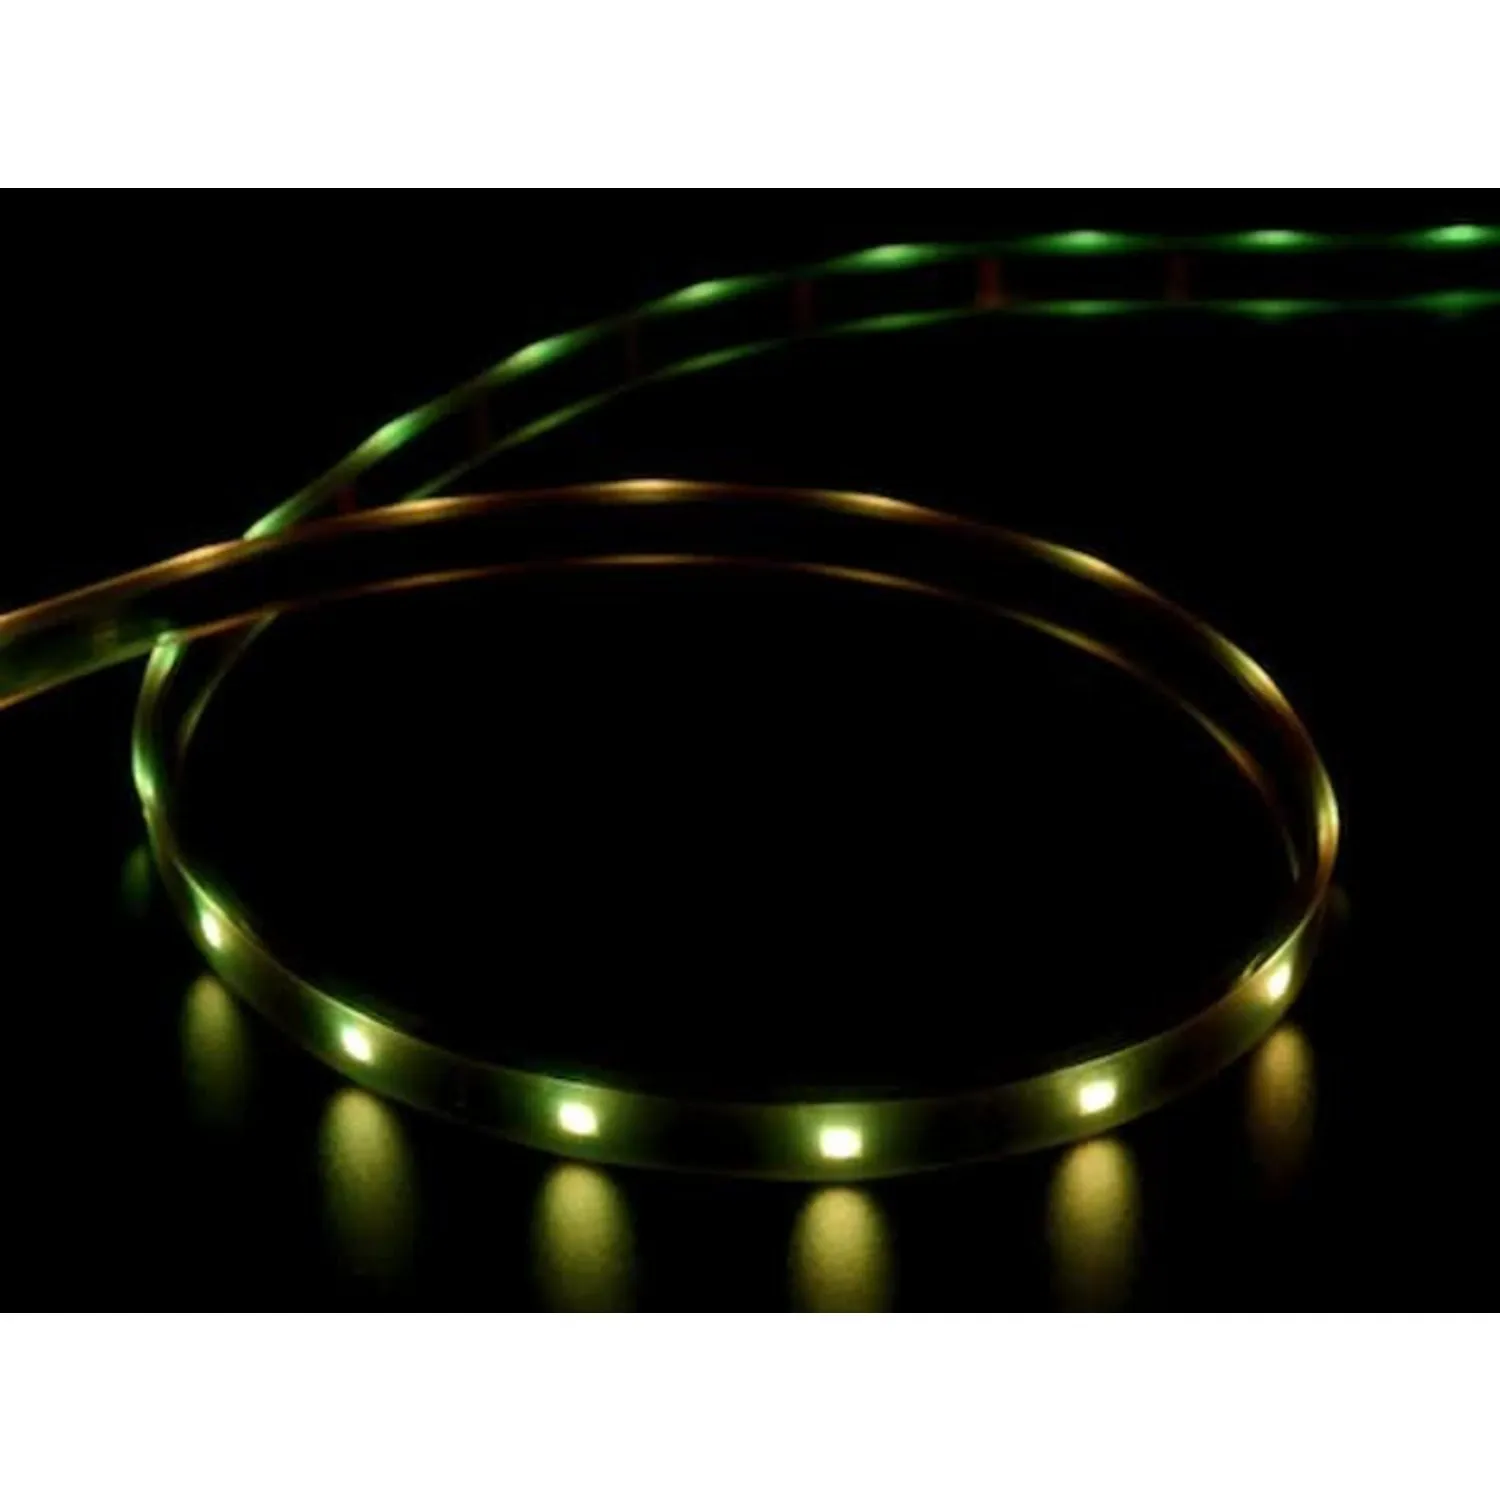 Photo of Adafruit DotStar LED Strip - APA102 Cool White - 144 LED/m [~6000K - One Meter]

--

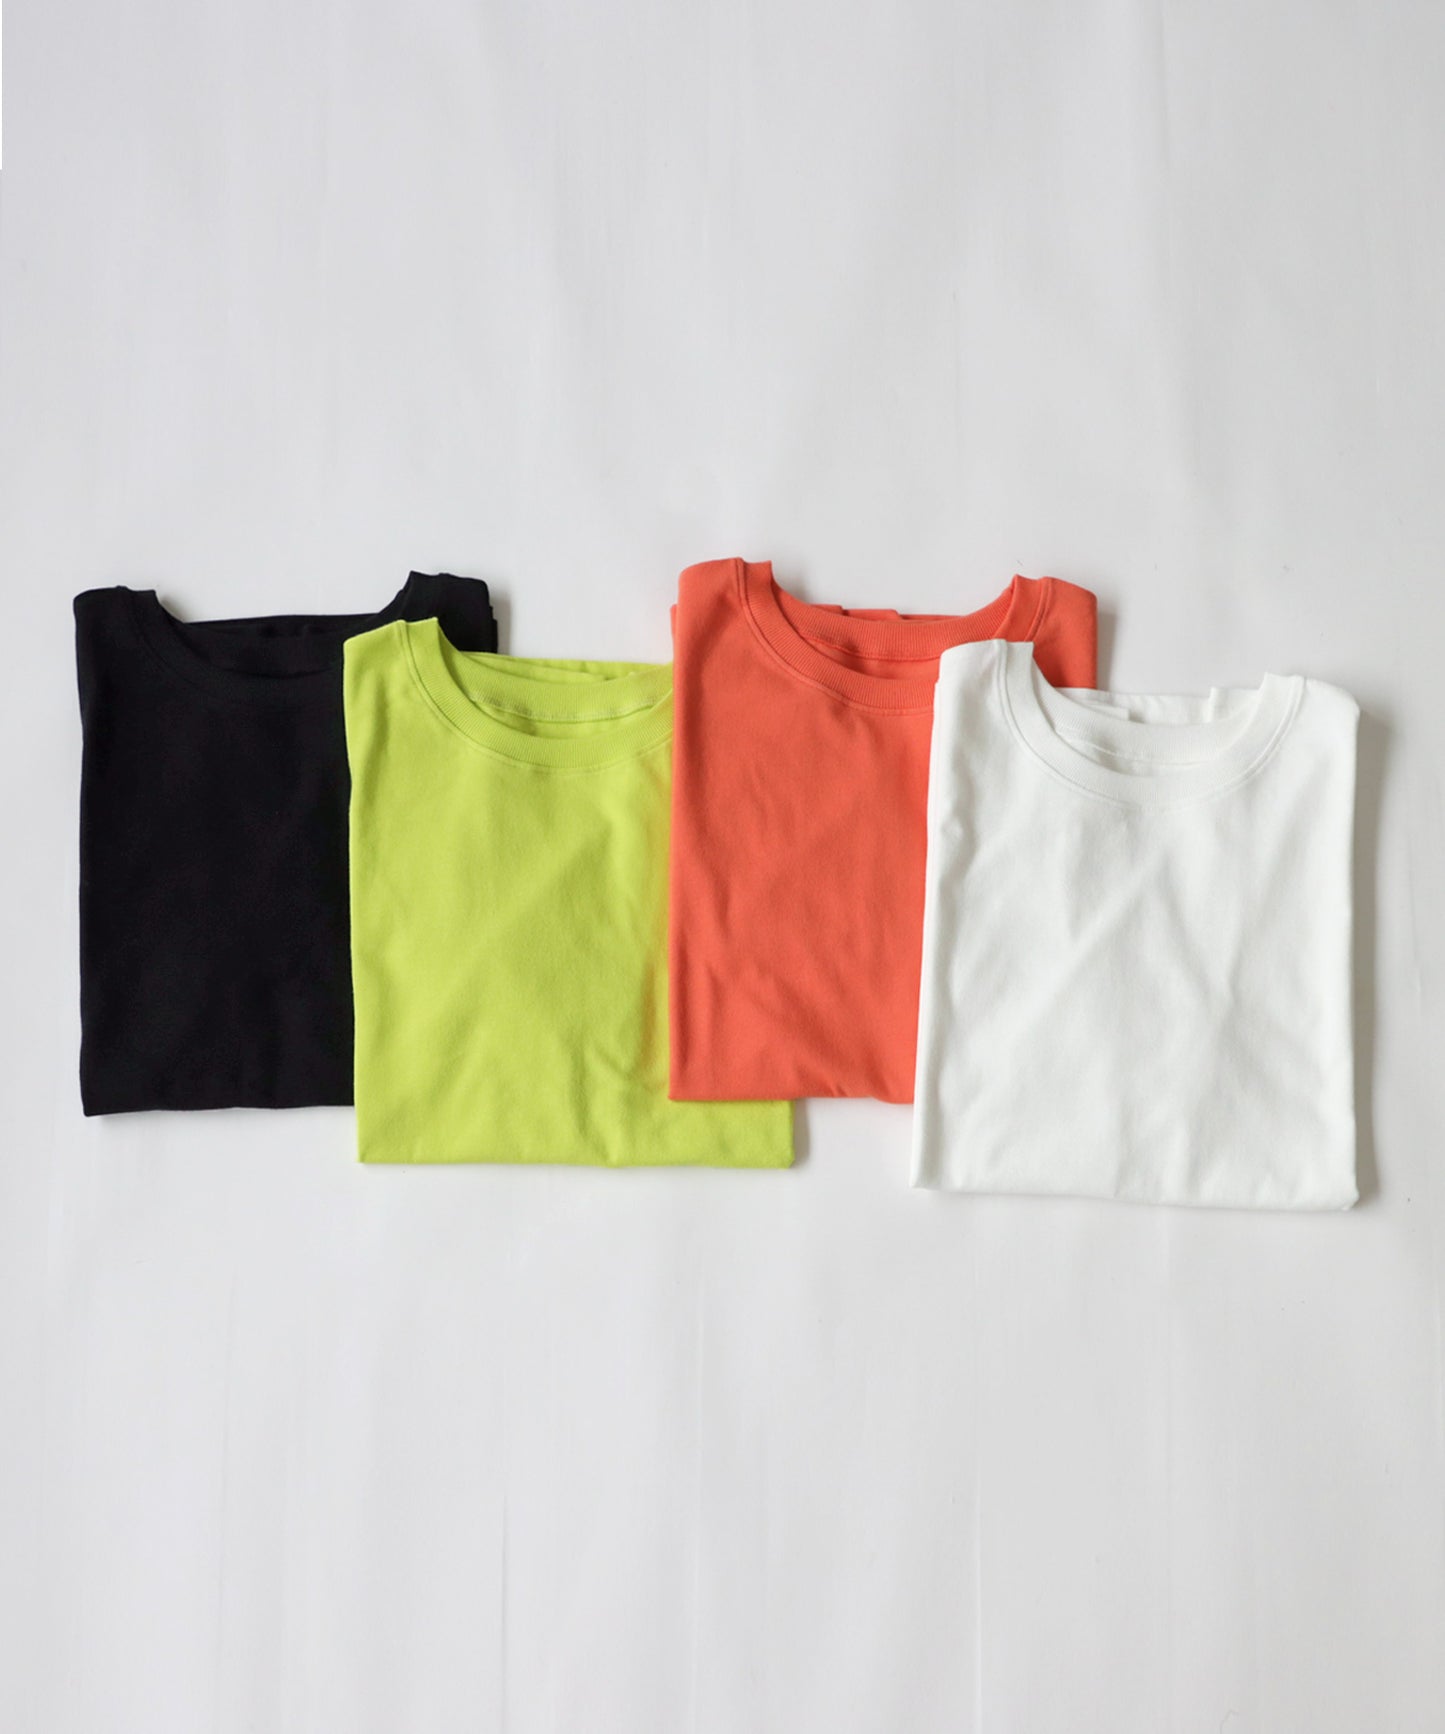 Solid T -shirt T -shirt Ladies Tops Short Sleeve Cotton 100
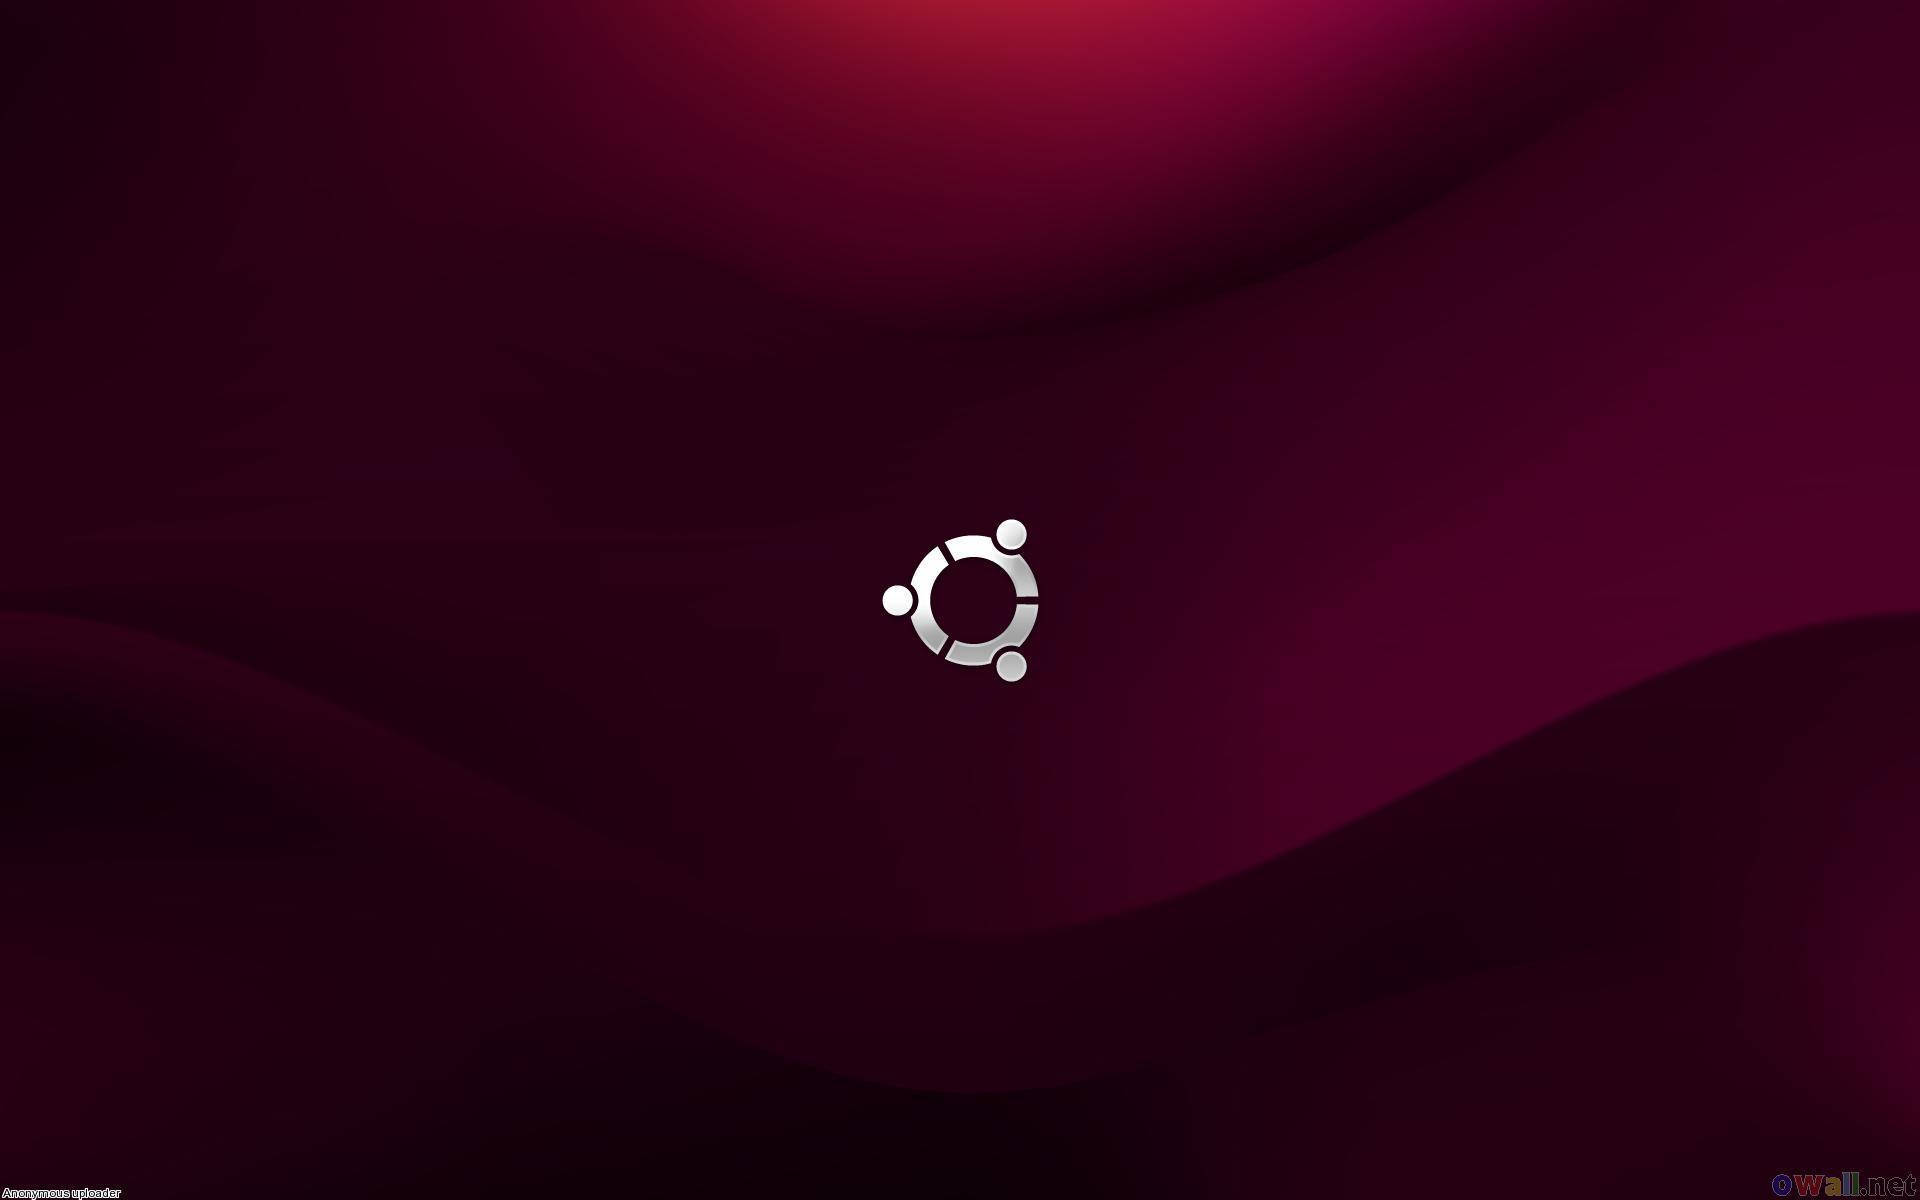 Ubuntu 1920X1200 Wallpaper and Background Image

Problem:
In the listing above, find the line containing "Solid T -shirt" and the line containing "Ubuntu 1920X1200 Wallpaper". Reproduce those lines and all between them exactly, with no pictures and nothing more.

Response area:
 Solid T -shirt T -shirt Ladies Tops Short Sleeve Cotton 100
 Ubuntu 1920X1200 Wallpaper and Background Image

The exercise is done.